**Your objective**: What is needed is a word-for-word copy of the listing below, without pictures.

**Dataset section**:

▼

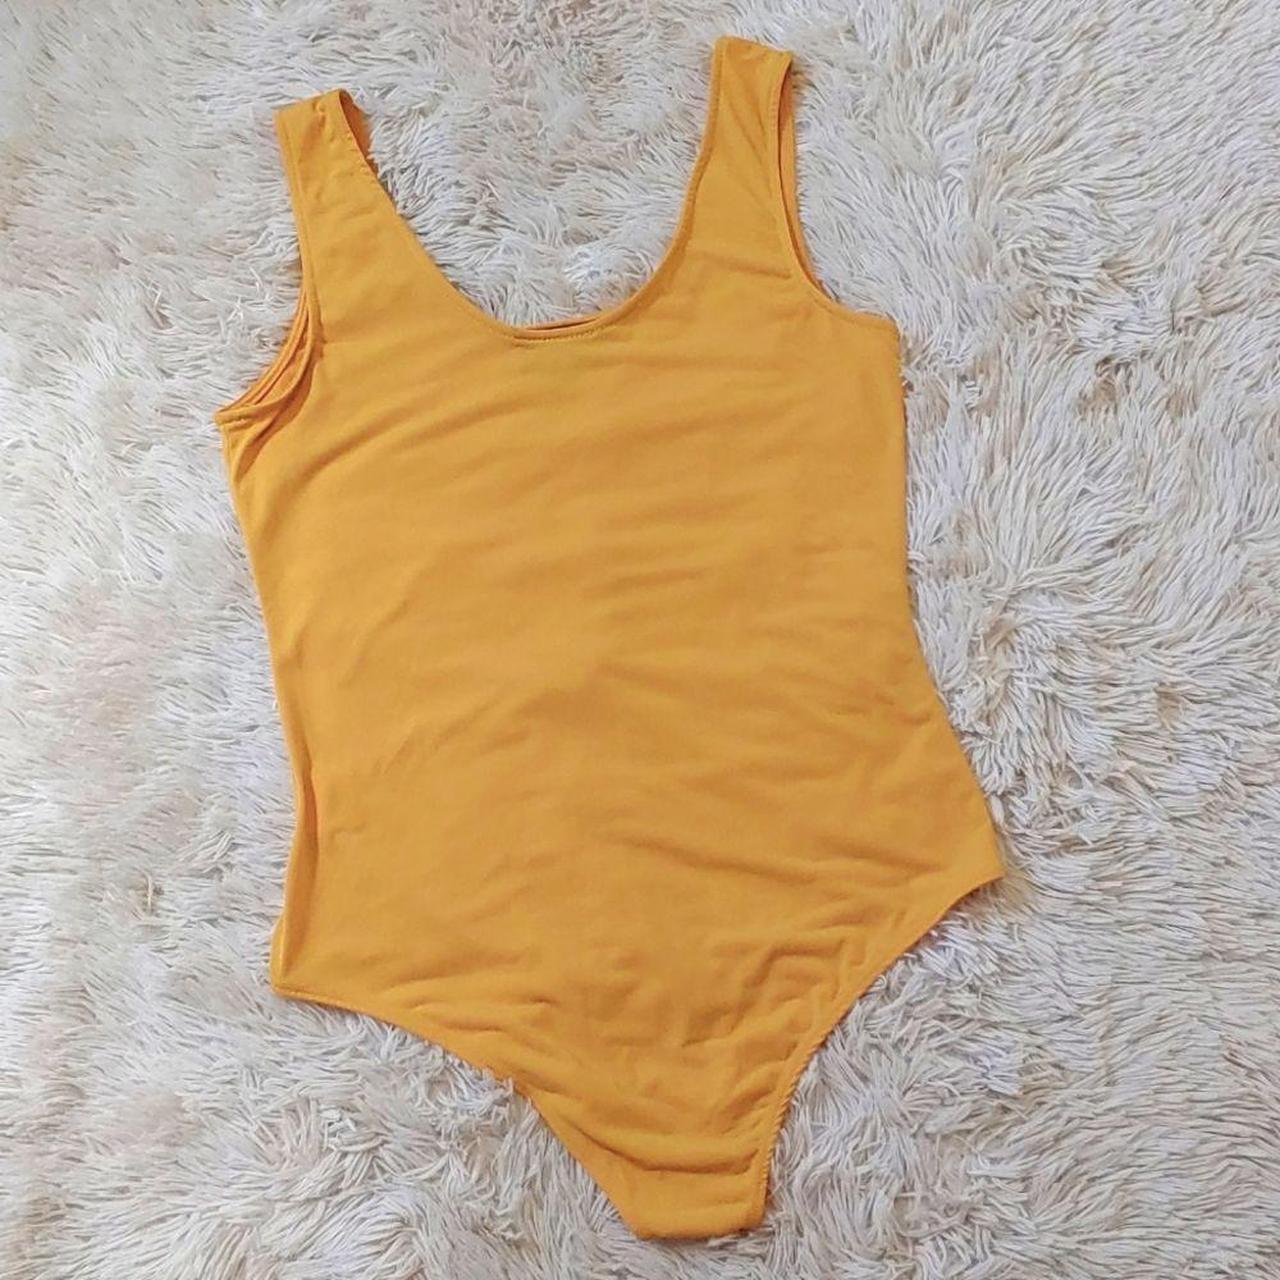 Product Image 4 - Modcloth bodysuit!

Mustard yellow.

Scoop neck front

▲

**Reply**:
 Product Image 4 - Modcloth bodysuit!

Mustard yellow.

Scoop neck front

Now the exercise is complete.